Prof. Hu said that Britain launched two invasions into Tibet, in 1888 and during 1903-04, in an attempt to build up its exclusive colonial influence there. The British Empire tried to separate Tibet from China and make it a "buffer zone" between China and British-controlled India. "These two wars shall never be forgotten," Hu said. "You may tell those Tibet separatists that Chinese people will never forget history and it was imperialist nations that had invaded Tibet and had been trying to separate Tibet from China."

The Professor continued, reporting the history of British operations, beginning after the Opium War. The imperialists planned to build a road between southwest China and the then-colony of Burma, to expand their trade but obviously also with other designs. When a British official trying to work on the project was killed in 1875, the British forced the Chinese Qing government to sign the Chefoo Convention, which allowed the British to "visit and explore" Tibet. The Tibetans certainly did not welcome this invasion themselves, and fortified their border with Sikkim to keep the British out. The fortifications were too primitive to be of any use, and the British colonialists broke through in 1888. The Qing dynasty was forced to sign two more unfair treaties, in 1890 and 1893, making border concessions to British-controlled Sikkim. The British demanded an "extraterritorial" trade center at Yadong - something highly resented by the Tibetans, who protested the British claims.

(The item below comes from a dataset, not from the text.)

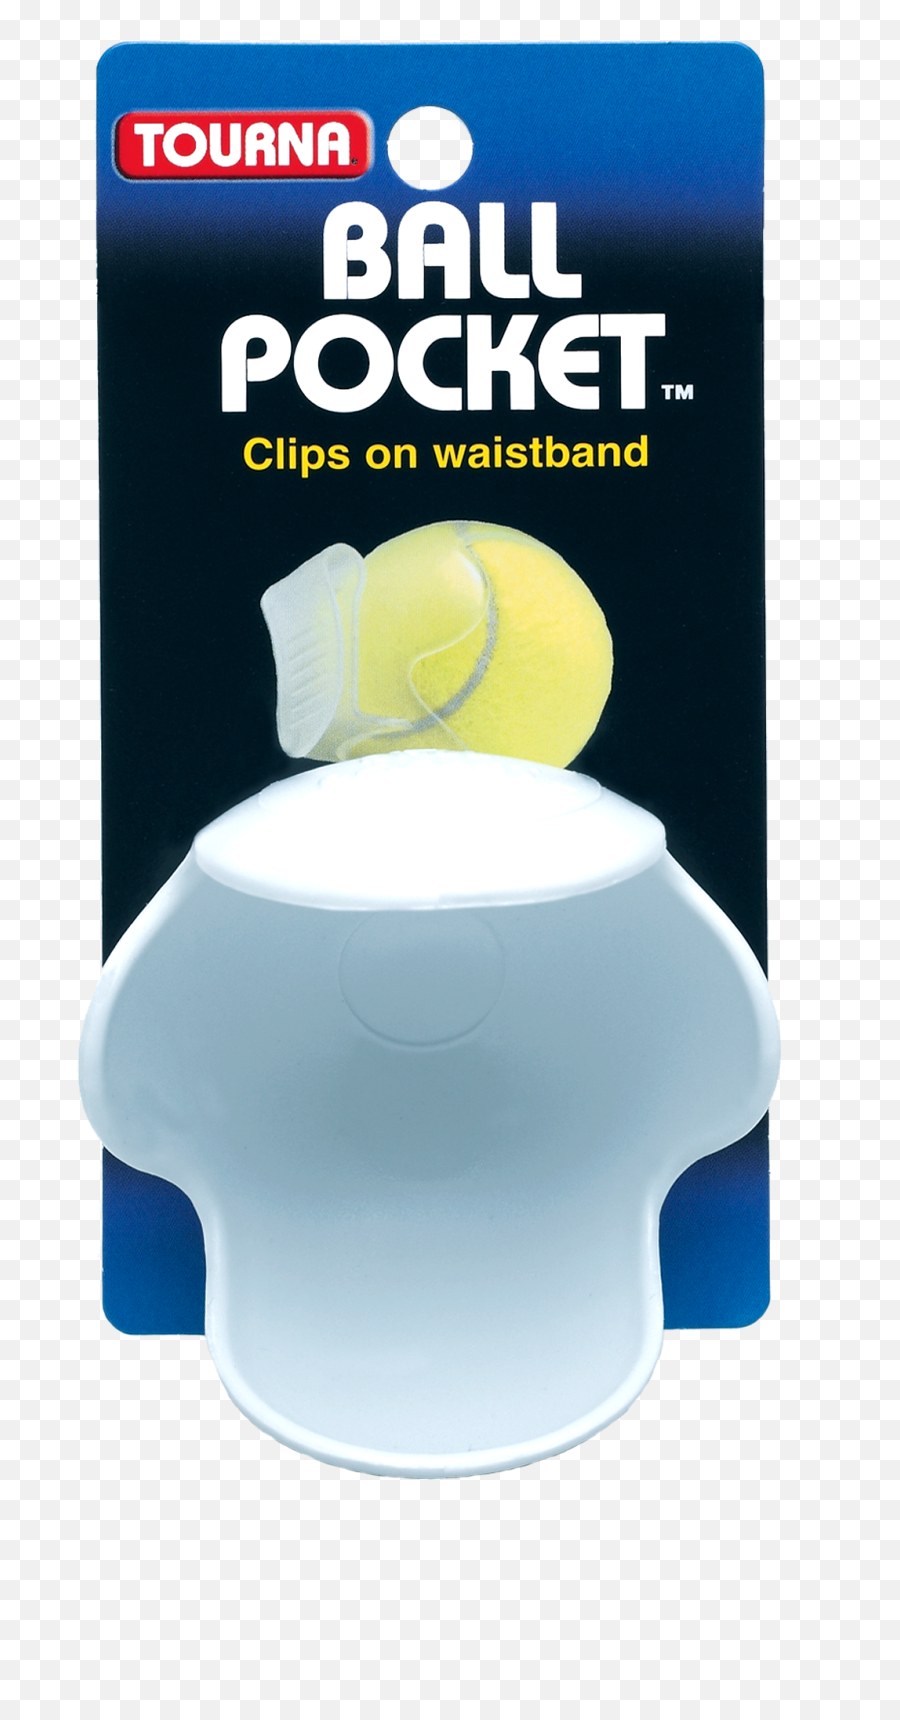 Tourna Tennis Ball Pocket White - Tennis Ball Png,Tennis Balls Png

In 1903-04, things got worse. British "Forward School" imperialist, Viceroy George Curzon, demanded an invasion of Tibet to offset Russia. The article quotes at length from Curzon's letters, which claim that China had no suzerainty over Tibet, and demand what became the invasion led by Col. Francis Younghusband - who himself ended up a pseudo-religious "mystic" after spending too long breathing the thin Lhasa air.

Hu said, therefore "expanded its influence," and "fostered a hotbed for the emergence of the pro-Britain upper-class elements." Realizing they could not control Tibet militarily, "the Britain imperialists began to build up their influence in the upper-class elements of Tibet, instigating them to oppose the Chinese government in a bid to separate Tibet from China, bring it into the British sphere of influence and become its dependency as well as a buffer zone in protection of the northeastern border of British India." Prof. Hu then cites a 2003 seminar in London on the British conspiracy, and Charles Allen's book Duel In The Snows which documented the imperial conspiracies. "These were the most commonly used despicable means by imperialists at the time," the Xinhua article states. Anyone's attempt to agitate for "Tibetan independence", like the serious crimes of aggression against Tibet committed by imperialist powers in the past, is doomed to failure.